• Prompt: Once the pictures are set aside, copy the data below exactly as it stands.

• Source material:
══════════════════════════════

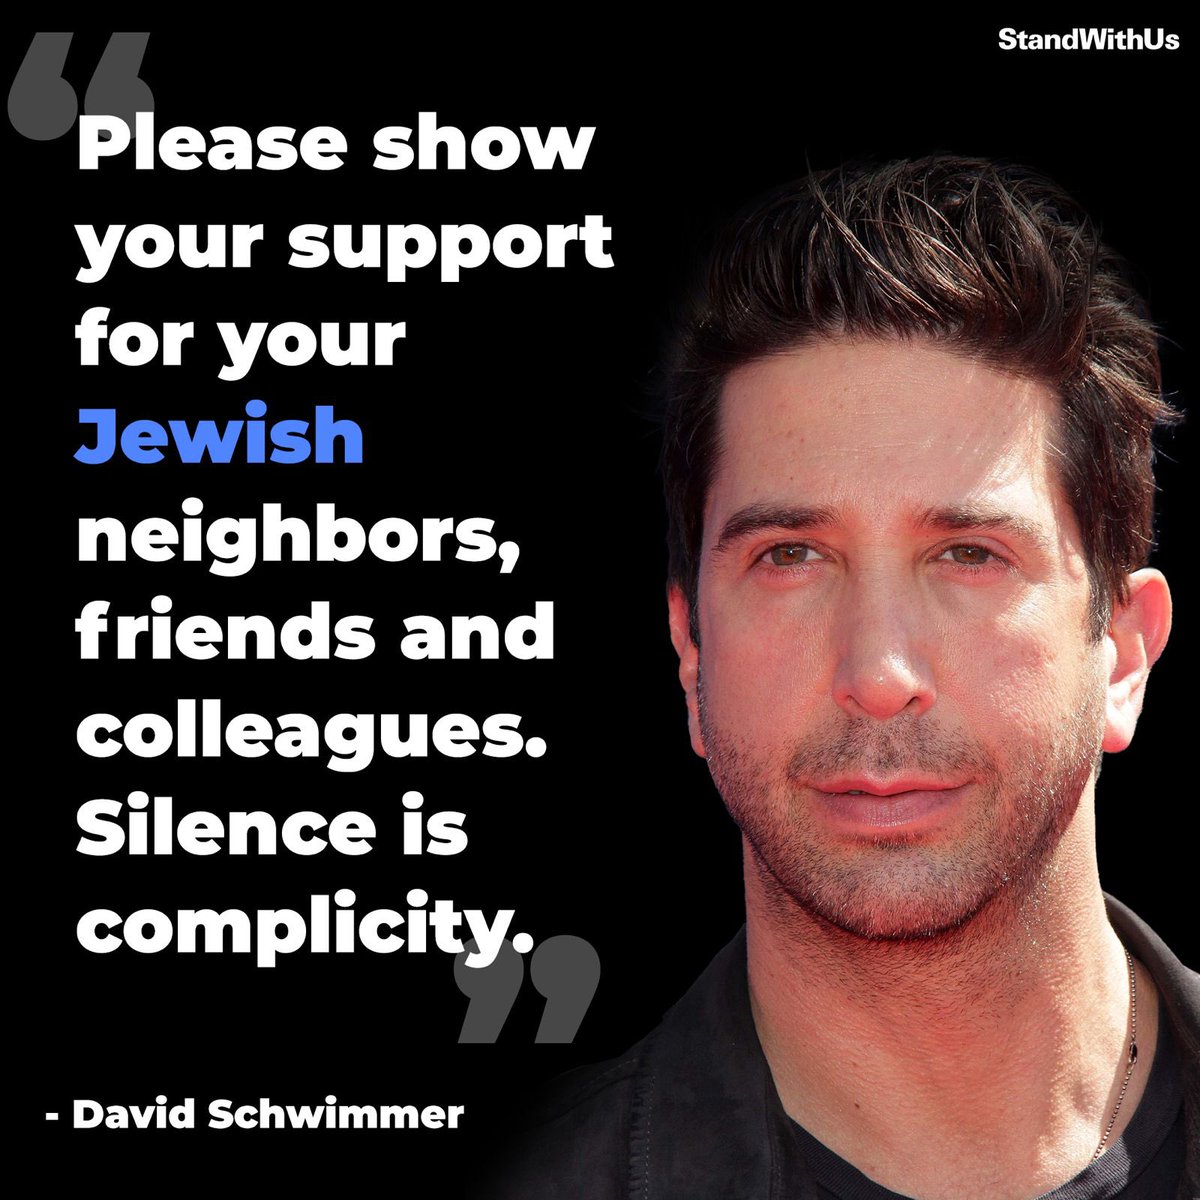 Thank you, David Schwimmer, for using your platform to support the Jewish people and fighting antisemitism.
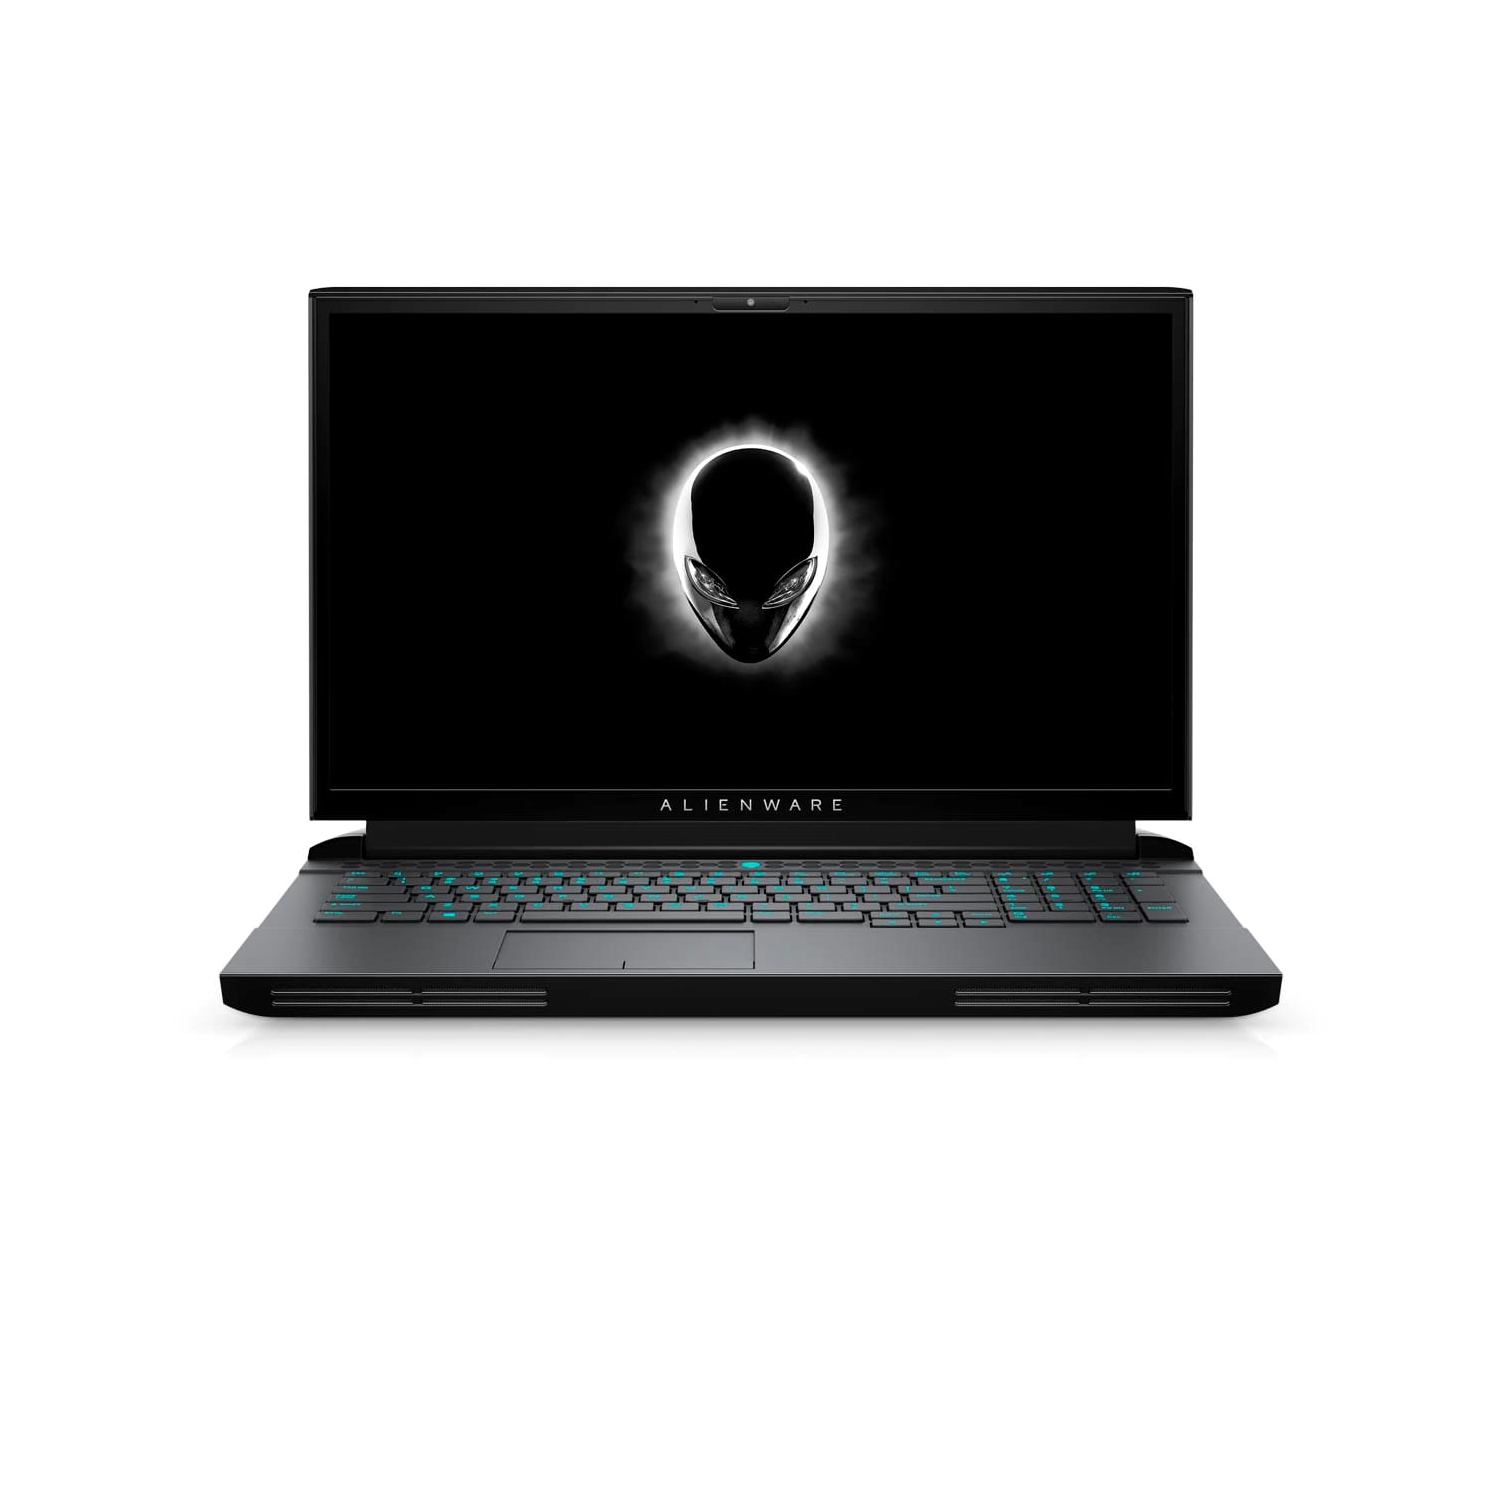 Refurbished (Excellent) - Dell Alienware 17 51m R2 Gaming Laptop (2020), 17.3" FHD, Core i7, 1TB SSD, 16GB RAM, 2070 Super, 8 Cores @ 4.8 GHz, 10th Gen CPU Certified
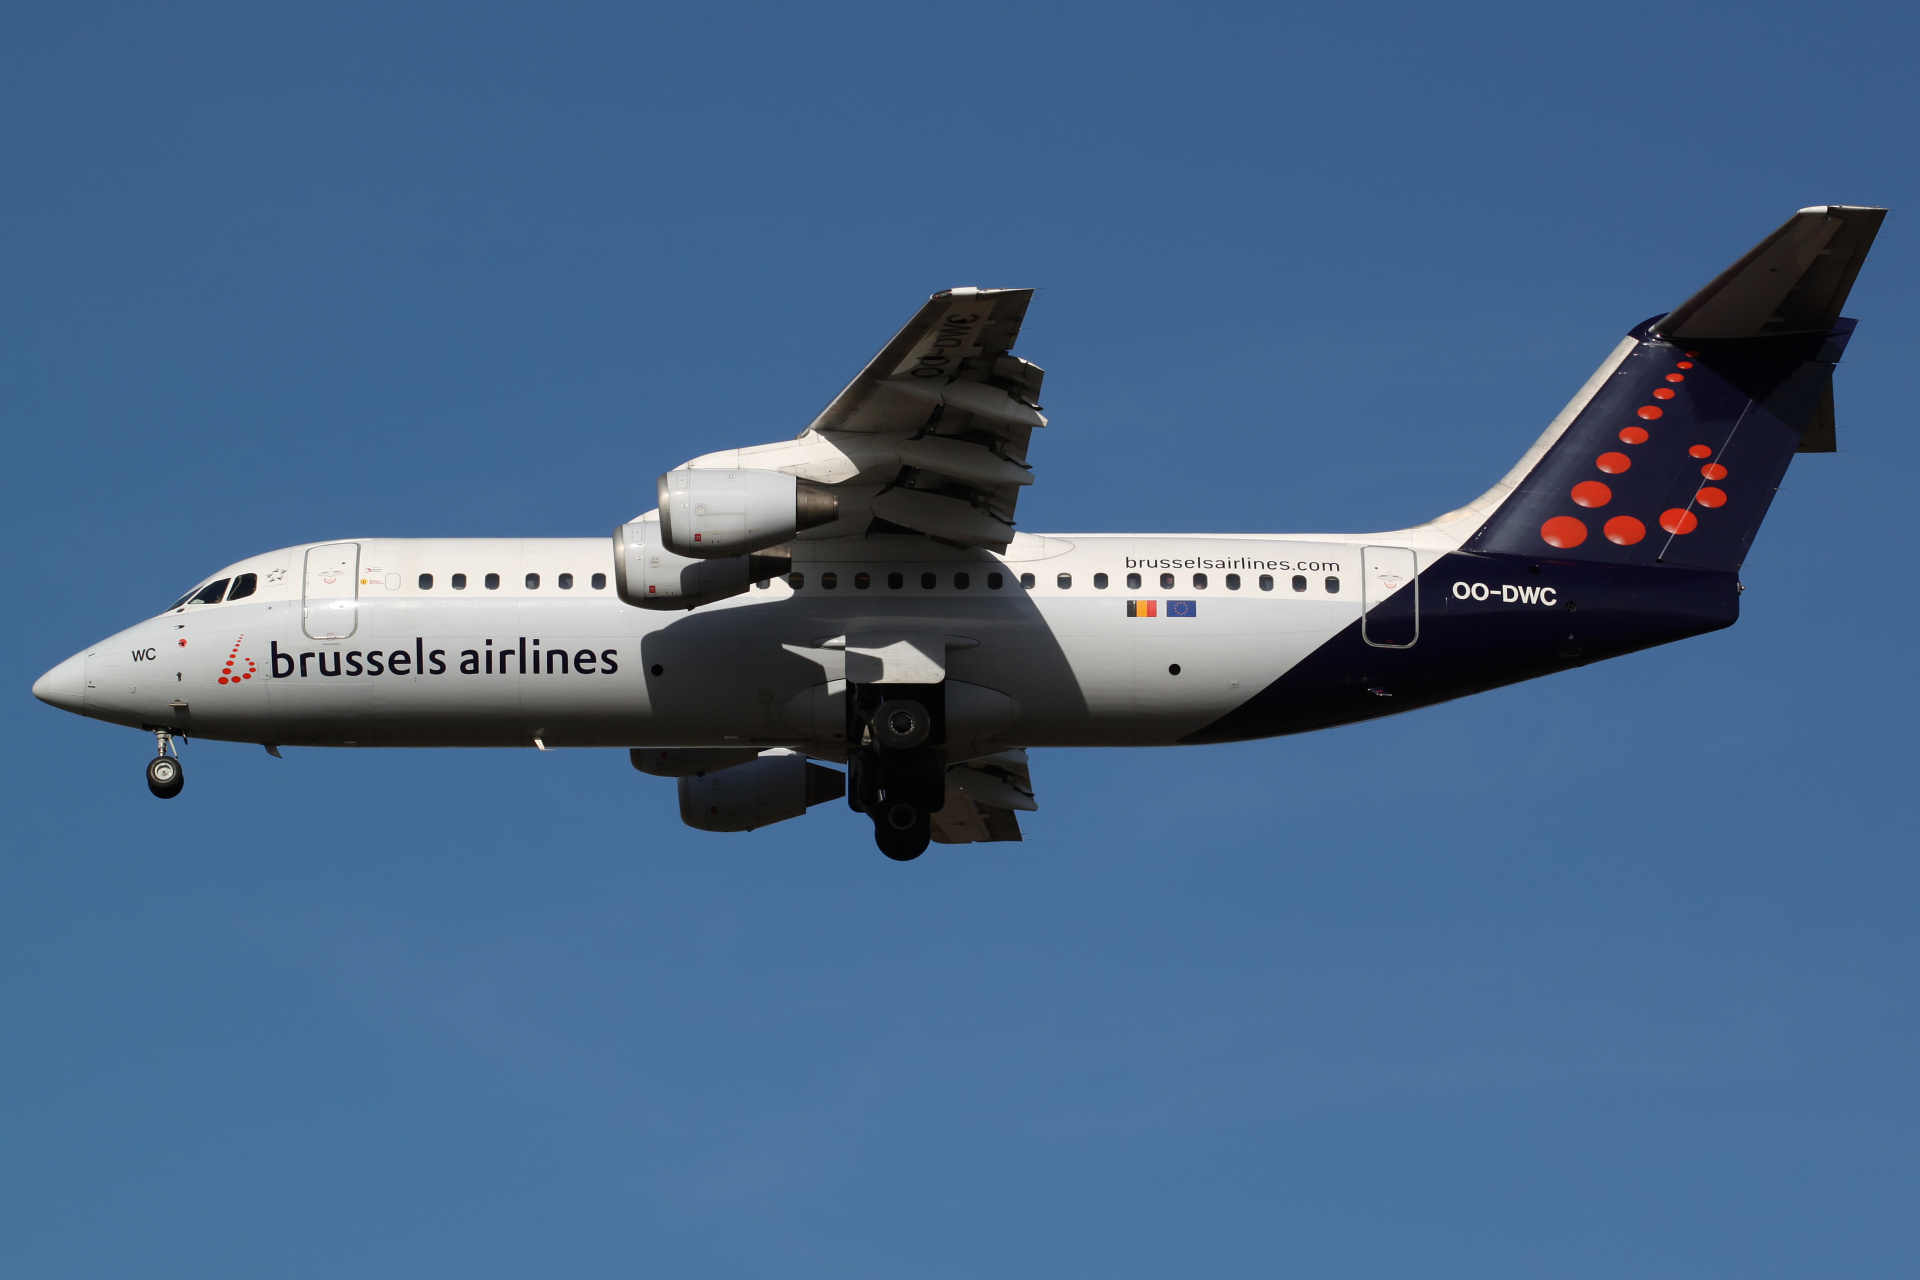 OO-DWC (Aircraft » EPWA Spotting » BAe 146 and revisions » Avro RJ100 » Brussels Airlines)

══════════════════════════════

• Written reply:
 Thank you, David Schwimmer, for using your platform to support the Jewish people and fighting antisemitism.
 Refurbished (Excellent) - Dell Alienware 17 51m R2 Gaming Laptop (2020), 17.3" FHD, Core i7, 1TB SSD, 16GB RAM, 2070 Super, 8 Cores @ 4.8 GHz, 10th Gen CPU Certified
 OO-DWC (Aircraft » EPWA Spotting » BAe 146 and revisions » Avro RJ100 » Brussels Airlines)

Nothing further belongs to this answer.